When you reach the line containing "END CHARGING" in the entries below, please begin setting down lines exactly, stop only after the last one, and add nothing else.

(Supplied records Opens)

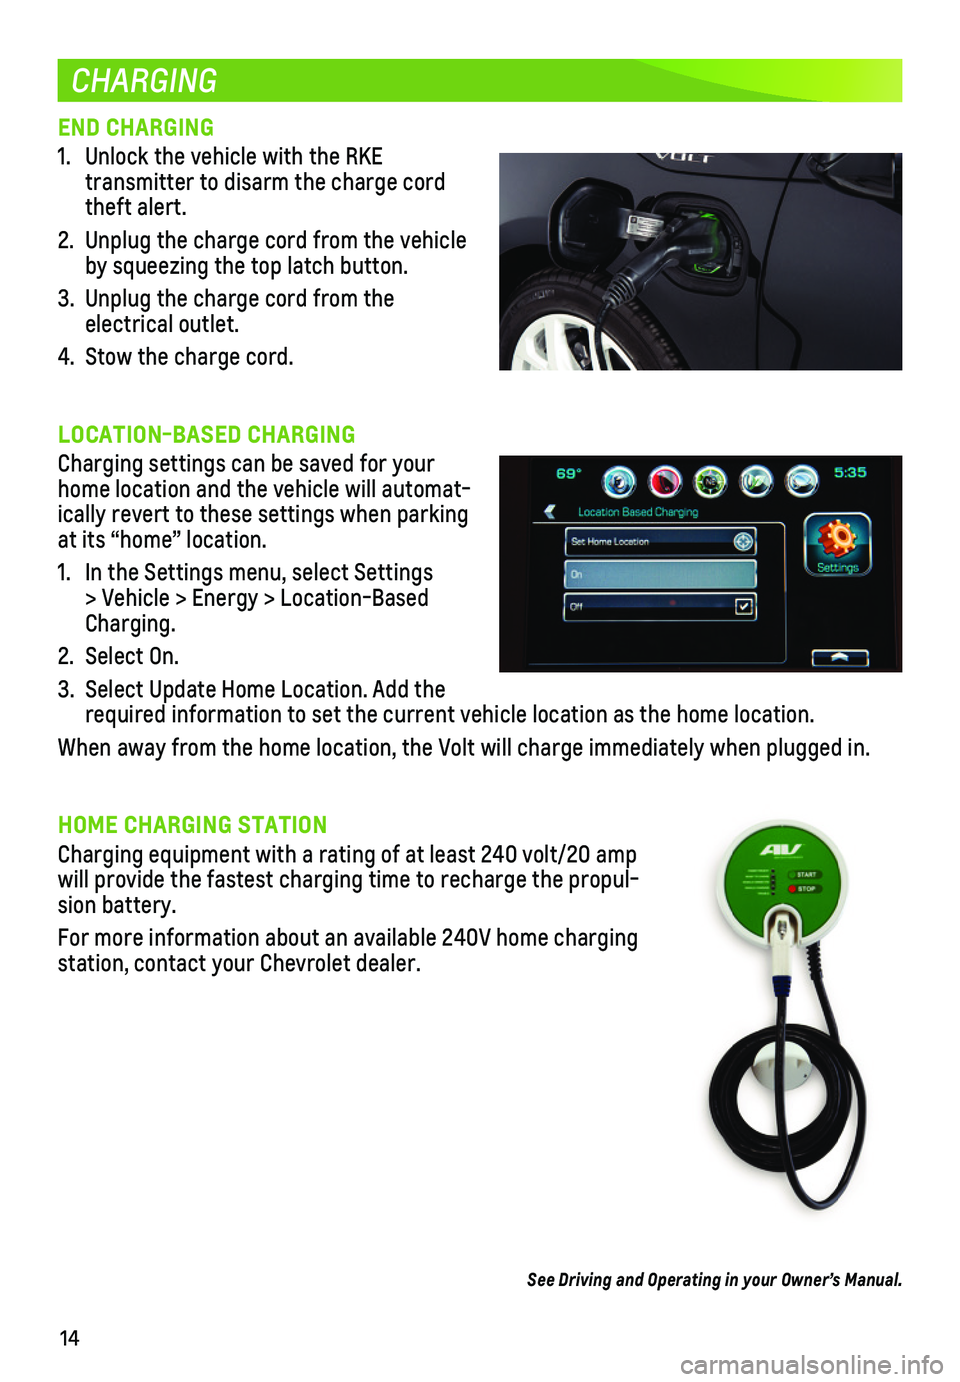 CHEVROLET VOLT 2018  Get To Know Guide 14
CHARGING
END CHARGING
1. Unlock the vehicle with the RKE  
transmitter to disarm the charge cord theft alert.
2. Unplug the charge cord from the vehicle by squeezing the top latch button.
3. Unplug

(Supplied records Closes)

## Answer to this task
END CHARGING
1. Unlock the vehicle with the RKE  
transmitter to disarm the charge cord theft alert.
2. Unplug the charge cord from the vehicle by squeezing the top latch button.
3. Unplug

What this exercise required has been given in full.